Langers was not so naive as to grasp that straw without squinting at it first. “I’m sure I thank you—redeem myself how exactly?”

“Be patient. Before we go on, I need to dictate a letter. Adam, will you write it down on that machine of yours?”

I suppressed my astonishment at these unfolding events and said, “Yes, certainly, Julian—I mean, General Comstock.”

“Good. Are you ready?” (I applied paper to platen, hastily.) “Put in a top line with the date and mark it as from my headquarters, Army of the Laurentians, Northern Division, Town of Striver , Lake Melville , Eastern Labrador, etc.” I clacked away at this task. My typewriting skills had improved since I first acquired the machine, and I was proud of my speed, though it set no records. “Address it to Major Walton, General Headquarters, Newfoundland.”

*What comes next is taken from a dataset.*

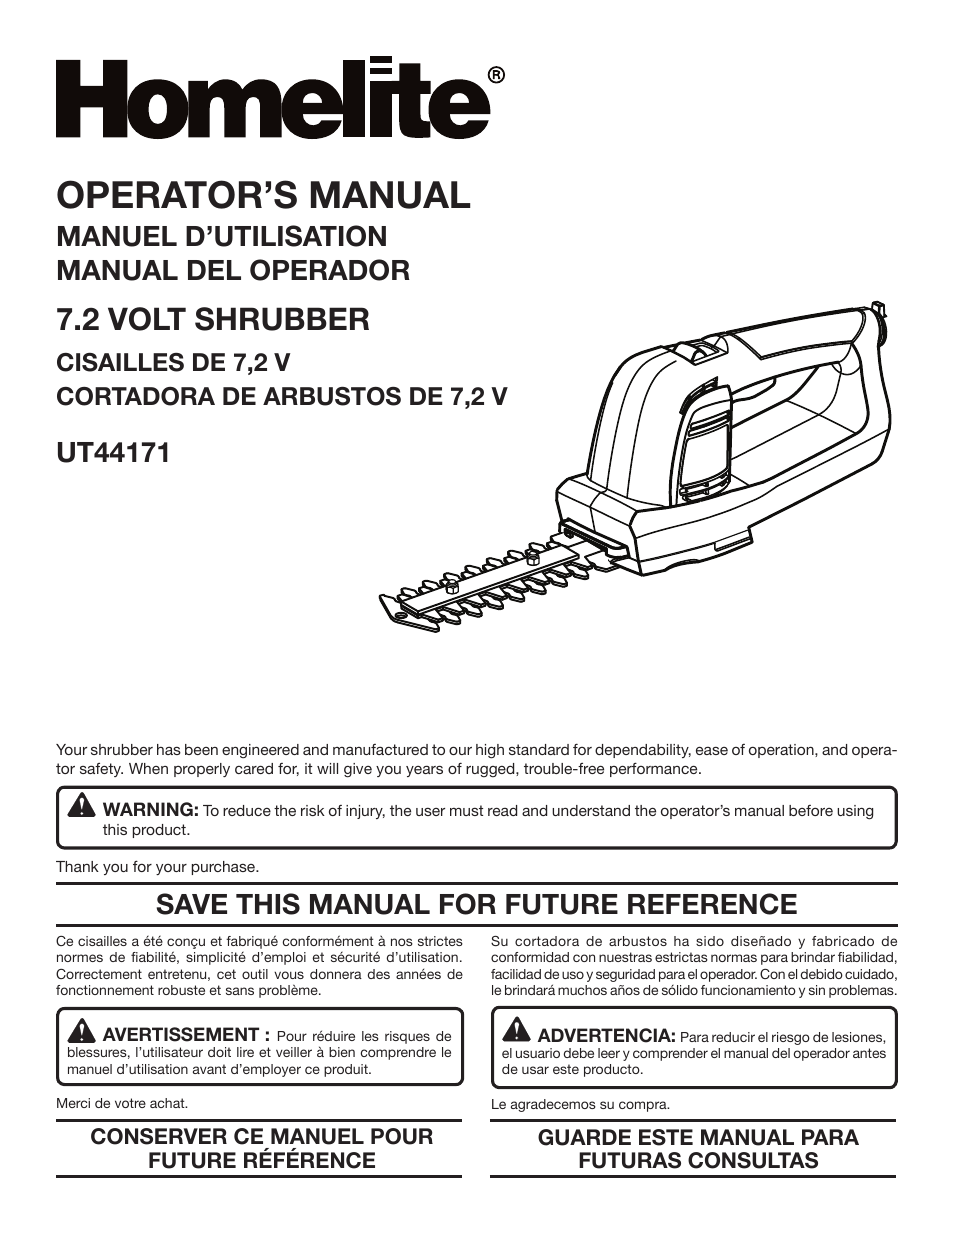 homelite ut44171 user manual 42 pages original mode rh manualsdir com Homelite Chainsaw Manual PDF Homelite String Trimmer Manual

I did so. Then Julian dictated the body of the text, which I will set down here while it remains fresh in my mind, including the unusual capitalizations which Julian demanded: This is to let you know that, after much solemn deliberation, and in the face of continuing enemy encirclement and bombardment, I have resolved to deploy the MECHANISM we earnestly hoped would never be used in civilized warfare.

I do not take this decision lightly. It is no easy thing to enter into a war as brutal as this one, and to make it yet more inhuman by the employment of such a cruel DEVICE. It is not the prospect of the IMMEDIATE death of countless enemy soldiers which pangs me, for that is the nature of war, so much as the knowledge of the LINGERING EFFECTS, in which death comes only after hours or even days of intolerable suffering. You know that in councils of war I have argued against the deployment of this WEAPON, which is so vicious in its workings that any Christian trembles at the mention of it.